_Supplied information_
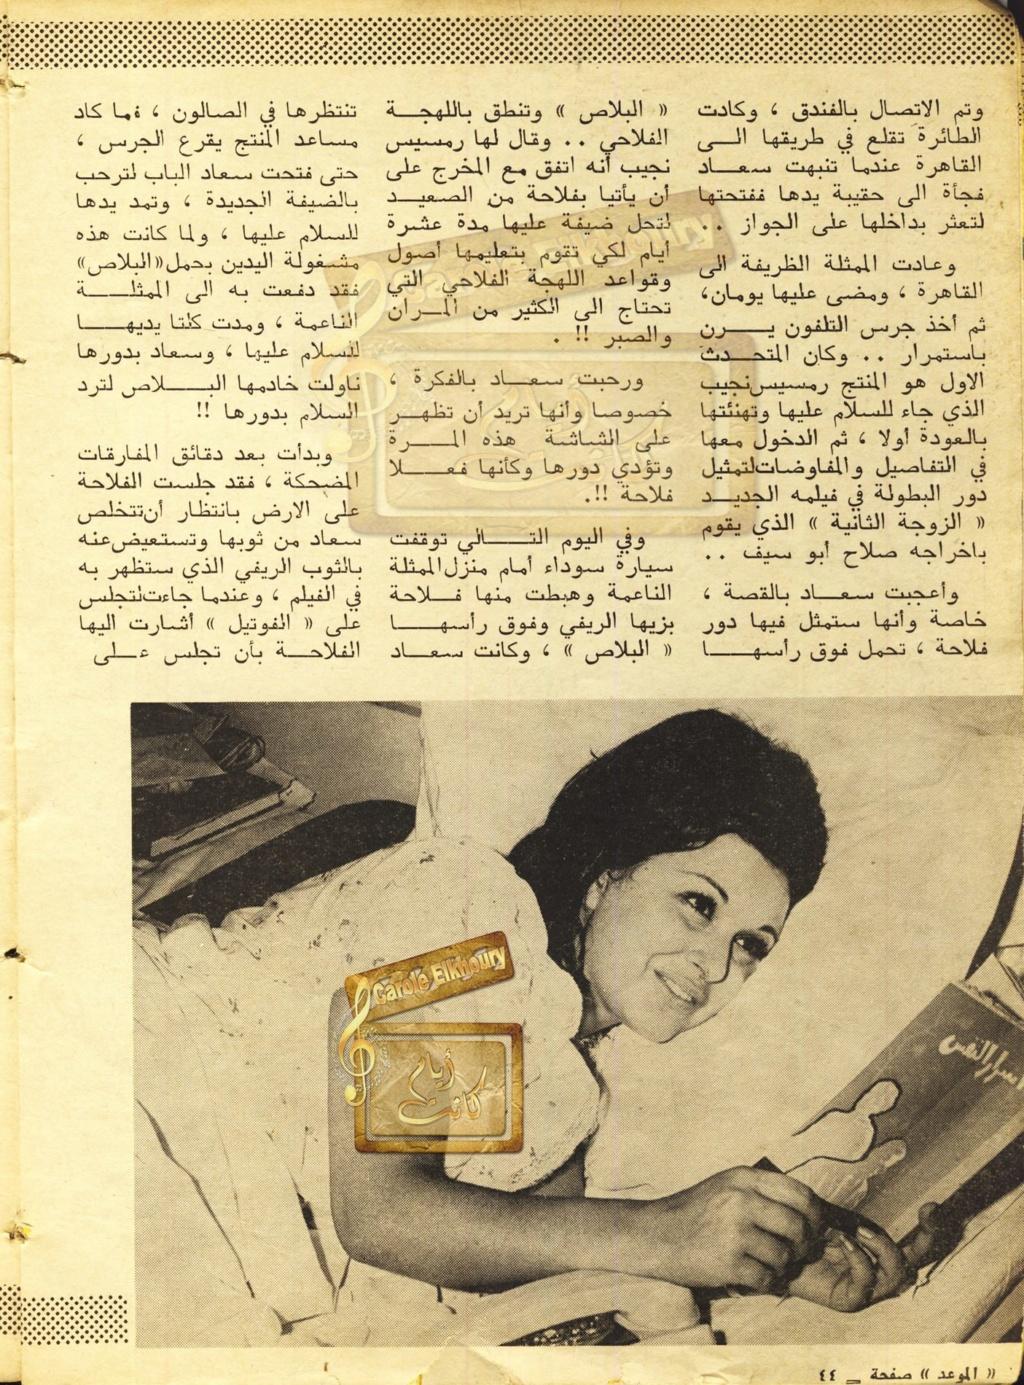 مقال صحفي : ماهو سر .. الفلاحة التي احتلت بيت سعاد حسني ؟ 1966 م 331
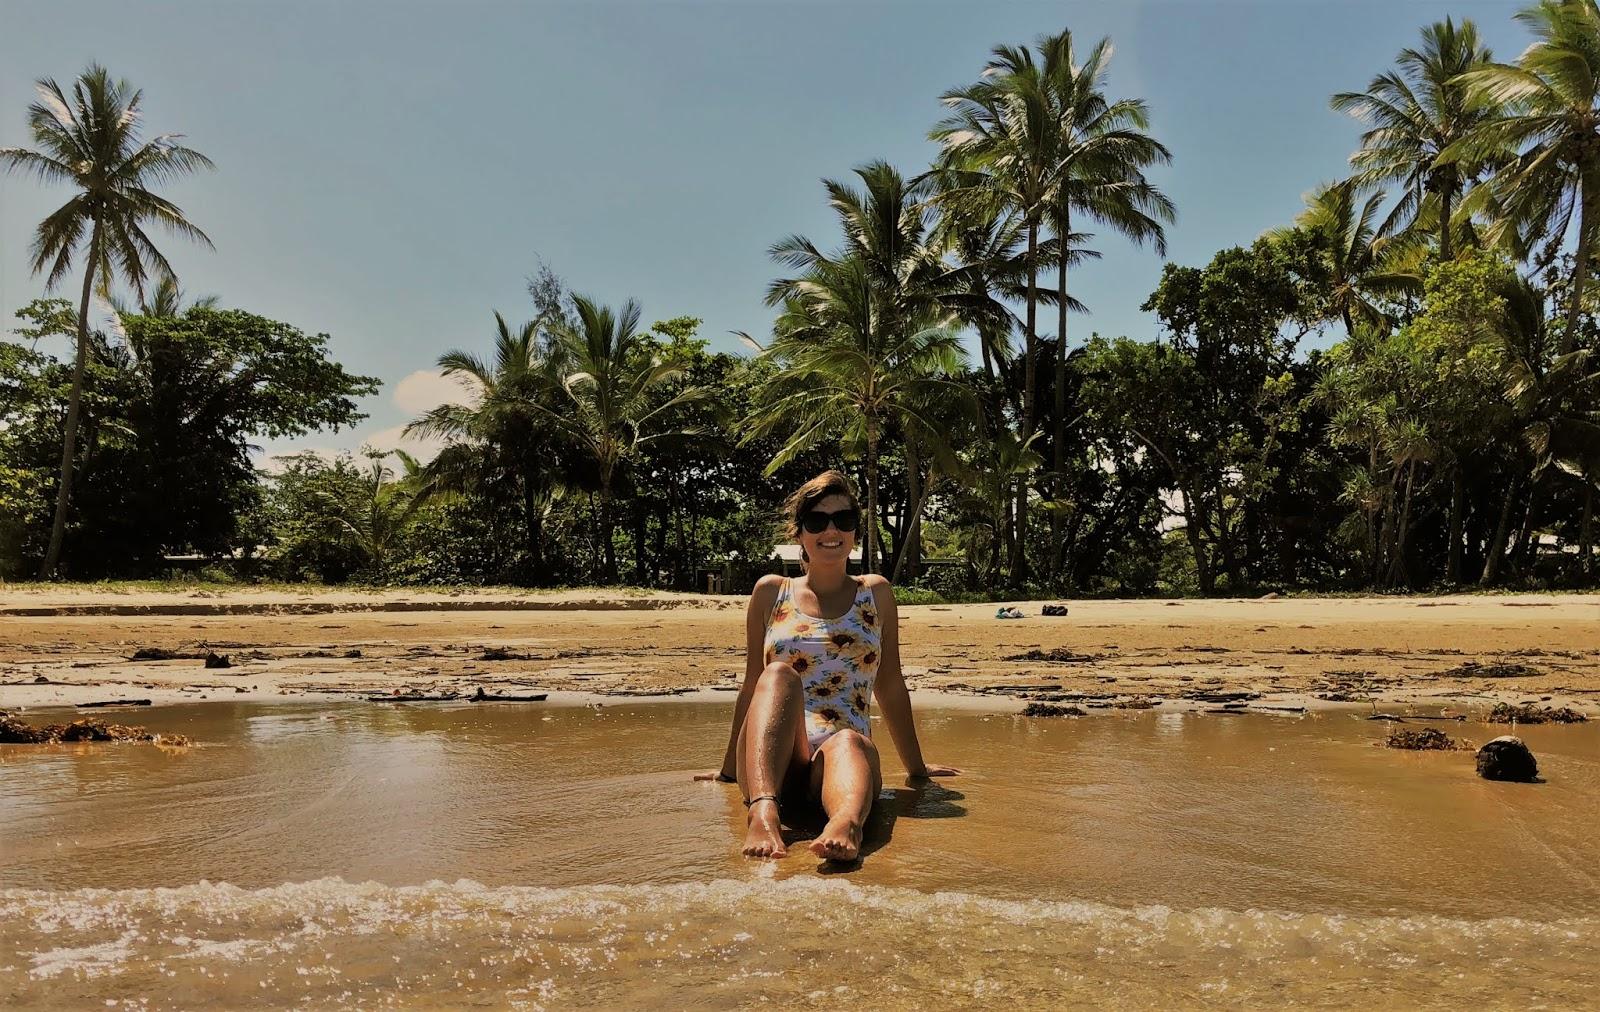 Plaża w w australijskim miasteczku Mission Beach. Zdjęcie zrobione z perspektywy Morza Koralowego. Podróżniczka sziedzi w stroju kąpielowym na piasku przy samej wodzie. Z tyłu za nią widnieją palmy i gęsty busz.
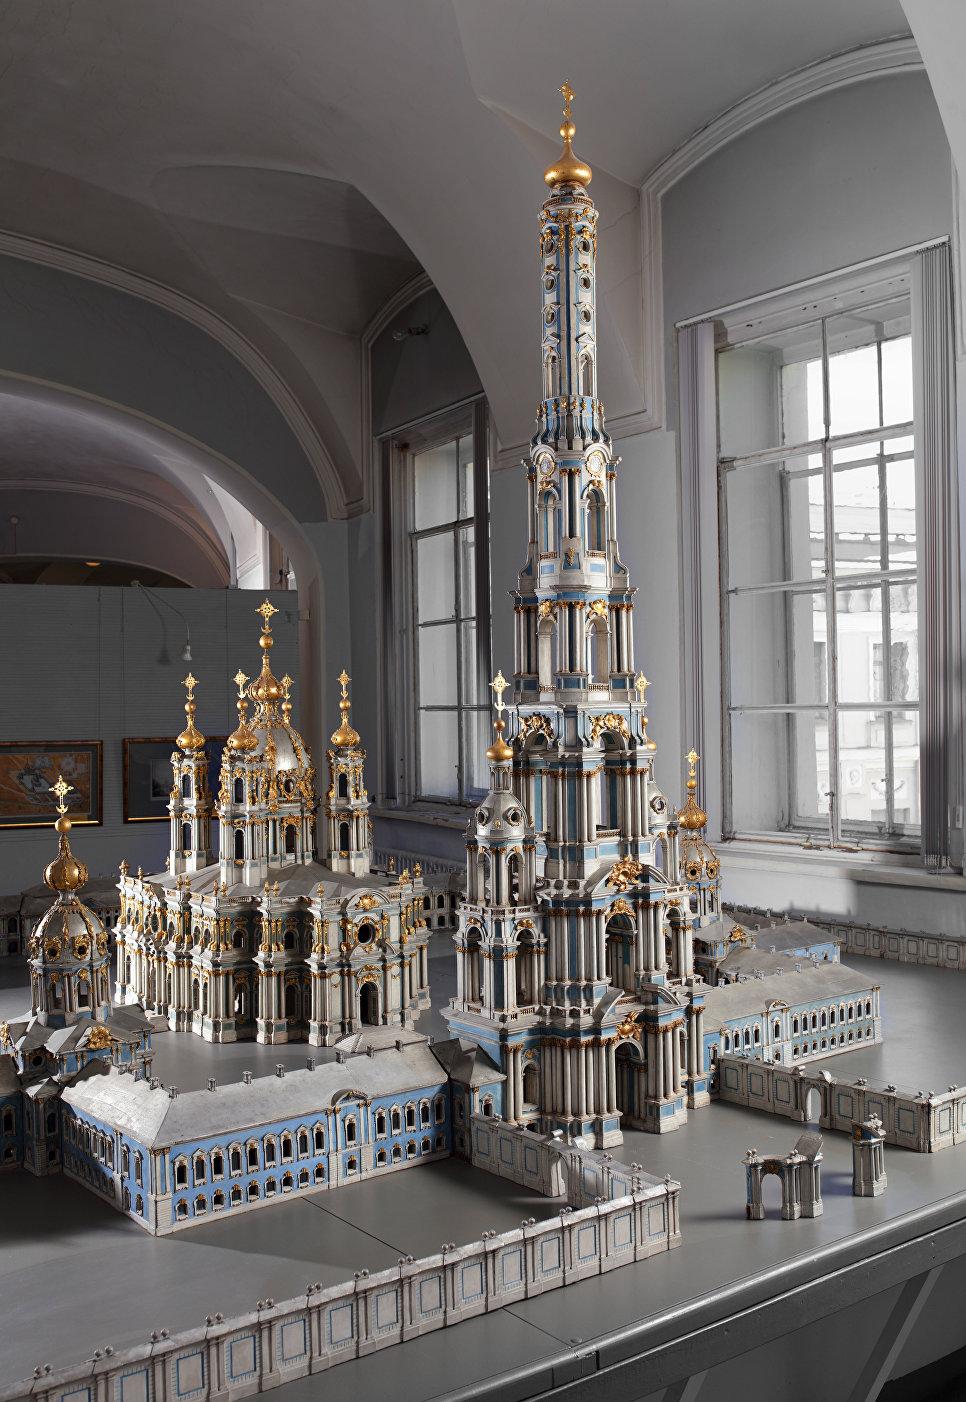 Изначальный макет колокольни Растрелли в музее, расположенном в здании Петербургской Академии художеств

_Your instructions_
Reproduce the listing word for word, but keep the pictures out of it.

_Result for this exercise_
 مقال صحفي : ماهو سر .. الفلاحة التي احتلت بيت سعاد حسني ؟ 1966 م 331
 Plaża w w australijskim miasteczku Mission Beach. Zdjęcie zrobione z perspektywy Morza Koralowego. Podróżniczka sziedzi w stroju kąpielowym na piasku przy samej wodzie. Z tyłu za nią widnieją palmy i gęsty busz.
 Изначальный макет колокольни Растрелли в музее, расположенном в здании Петербургской Академии художеств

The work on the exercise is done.